Summarized by Christian Herzog
Highlights of the VEIL
In this Virtual Ethical Innovation Lecture, Kirsten Ostherr, Gladys Louise Fox Professor of English at Rice University, Houston, Texas, USA, talks about the challenges of unstructured data — a vital source of information in narrative medicine — for bringing the promises of AI in healthcare to fruition. Her presentation is structured into three parts, first outlining the issue of unstructured data for AI in healthcare, then discussing the opportunities and challenges of natural language processing (NLP) in narrative medicine, and finally tackling the subject of the social determinants of health and how AI may address or compound disparities.
Narrative as “Unstructured Data”
Kirsten Ostherr commences by outlining the phenomenon of AI hype in healthcare. It was only until after 2020 that tangible results had actually found their way into practice. This had immediately spawned anxieties about job displacement. However, before 2020, the path towards effective AI in healthcare was ridden with disappointments. IBM cancelled a leukaemia-related project in 2016 after having spent more than 62 million USD on it. But even after that, in 2022 IBM Watson sold most of its data sets, spawning further doubt on AI to be able to generate lasting economic value generation and improved health outcomes.

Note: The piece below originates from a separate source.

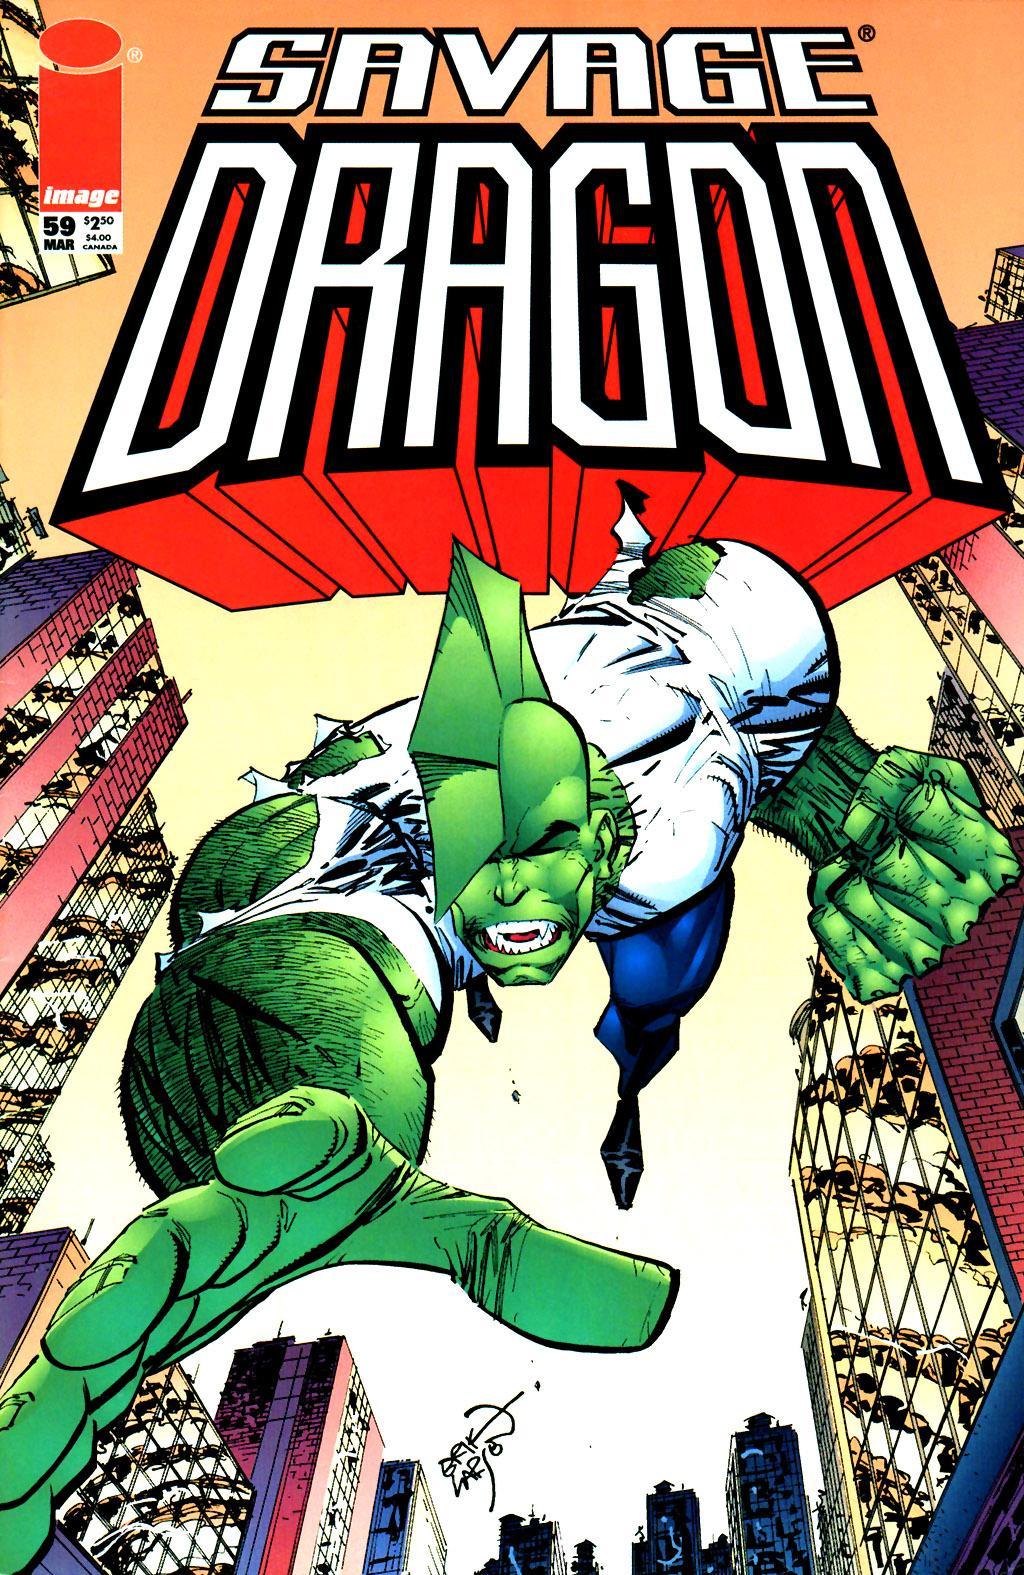 The Savage Dragon (1993) Issue #59 #62 - English 1

In essence, Strickland (2019) summarizes the issue: The promise of medical AI was built on carefully constructed lab experiments. However, up to 80% of data in electronic health records are comprised of unstructured textual input.
Natural Language Processing and Narrative Medicine: An Opportunity
By recognizing that patient stories are a vital component of the medical record, Kirsten Ostherr makes a point that these stories should be included into medical documentation rather than replaced by generic, drop-down menu items and fixed ontologies.
Indeed, major health organizations around the world have continually emphasized the need to incorporate patient perspectives in healthcare and research (Snyder et al., 2013). Natural language processing may in fact provided one way to better integrate qualitative and quantitative data in patient records. The corresponding NLP methods would benefit from the interpretation of narratives in complex intersubjective, social, and cultural contexts — these should not be bracketed out (Dohan et al., 2016). There is even calls for using NLP to integrate the analysis of clinical records (including unstructured free text) with user-generated content from social media (Martínez et al., 2016).
For instance, NLP based text mining on Yelp datasets of over 16.000 reviews of US hospitals indicated that more relevant items are covered in these social media-type reviews than in the official HCAHPS patient satisfaction survey (Merchant et al., 2016).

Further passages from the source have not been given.